Relief back home
A limestone relief stolen a decade ago from Isis Temple in Giza has been recovered. Nevine El-Aref attended its arrival from Paris
Under the Ministry of Culture's campaign to recover artefacts that have been removed from the country illegally, a limestone relief dating from the 26th dynasty arrived at the Egyptian Museum in Cairo from France early this week.
The relief came up for sale at the PIASA auction hall in Paris, where a number of authentic objects stolen from Egypt and Lebanon were displayed for sale.
Culture Minister Farouk Hosni describes the relief as one of the most beautiful of the 26th dynasty. It features a man of the reign of Pharaoh Psammetikhos I turning to the left side and wearing a callote headdress. "He looks like a priest surrounded by columns inscribed with hieroglyphic texts," Hosni added.
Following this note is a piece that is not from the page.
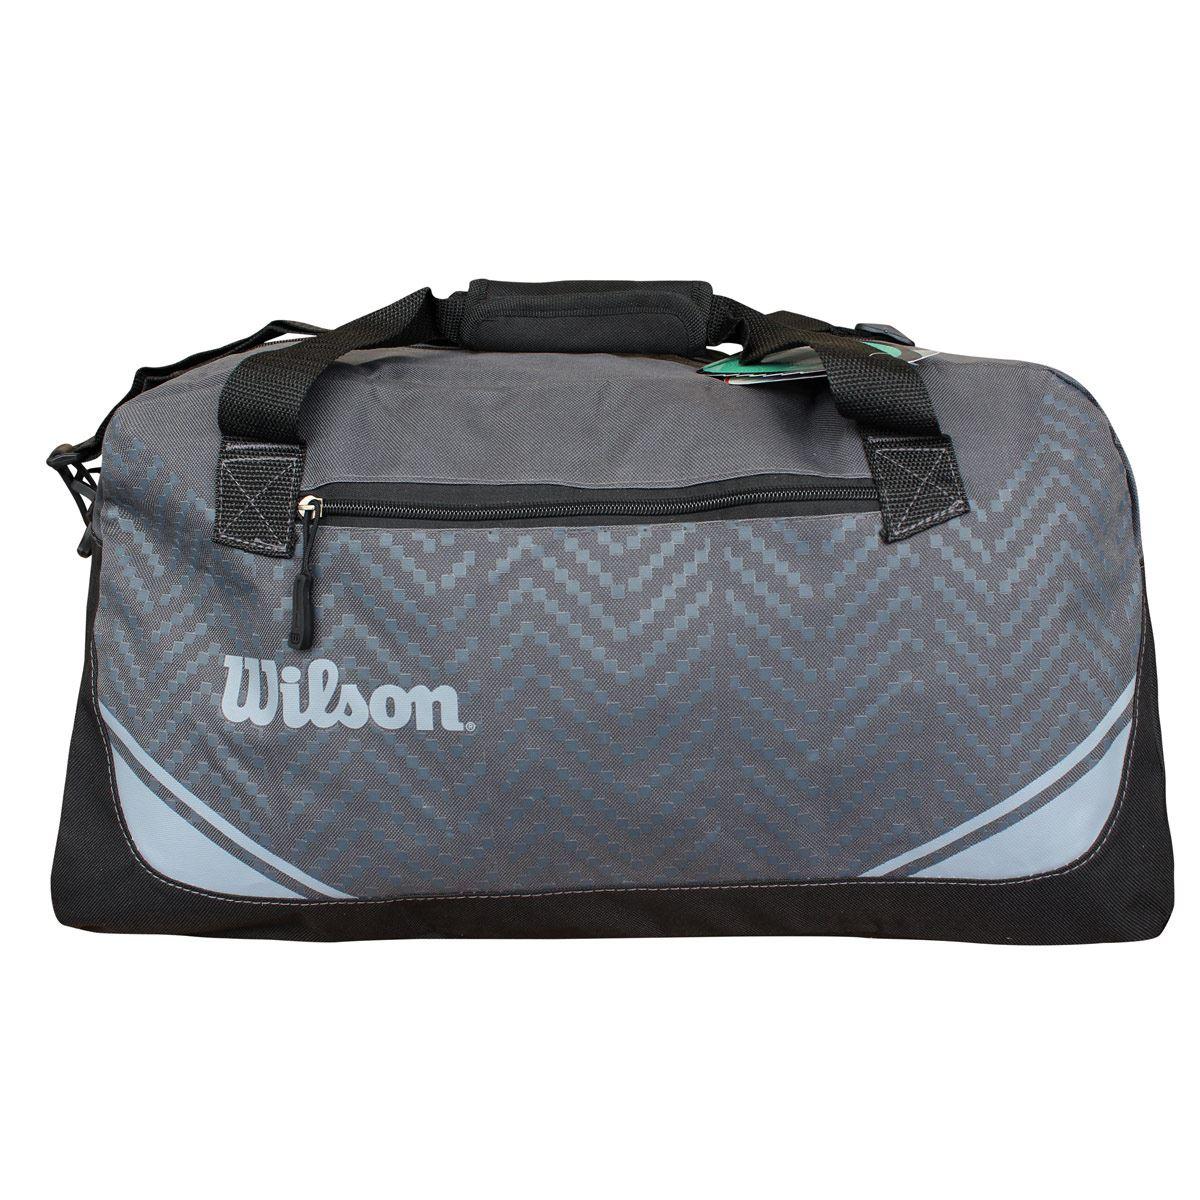 Maleta Deportiva Wilson Is-15333 Gris Negra

Zahi Hawass, secretary-general of the Supreme Council of Antiquities, said the relief, which is 35cm tall, 58,5 cm wide and weighs 30kg, was chipped out of a huge, fully decorated wall of the Temple of Isis behind Queen Henutsen's Pyramid on the Giza plateau during the last century.
Inside this temple is a stela with a hieroglyphic text recording that Pharaoh Khufu was the person who discovered the Temple of Isis and the Sphinx.
"According to this stela, the Sphinx could be dated from earlier than Pharaoh Khufu's reign," said Hawass. He insisted the information in the text must be incorrect because, according to Hawass, studies and other discoveries in the area proved that the priests of the Temple of Isis wrote the stela in order to bestow more importance on the goddess Isis and her divinity, and to enhance her position as a sacred goddess worshipped before the fourth dynasty.
Mohamed Abdel-Maqsoud, head of antiquities of Lower Egypt and the man who brought back the object from Paris, said the relief was a very important artefact which was mentioned in a report written by the French archaeologist Olivier Bordeau at College de France in Paris, as well as in the book of the Egyptian Egyptologist Selim Hassan entitled The Great Sphinx and its Secrets and written in 1953. It was also mentioned in a scientific document issued in Boston in 1991.
Abdel-Maqsoud added that the Interpol was investigating the case in order to identify the smugglers who stole the relief and handed it to PIASA. Mamdouh El- Damatti, director of the Egyptian Museum, said that after the relief had been restored it would be put on display as a "piece of the month".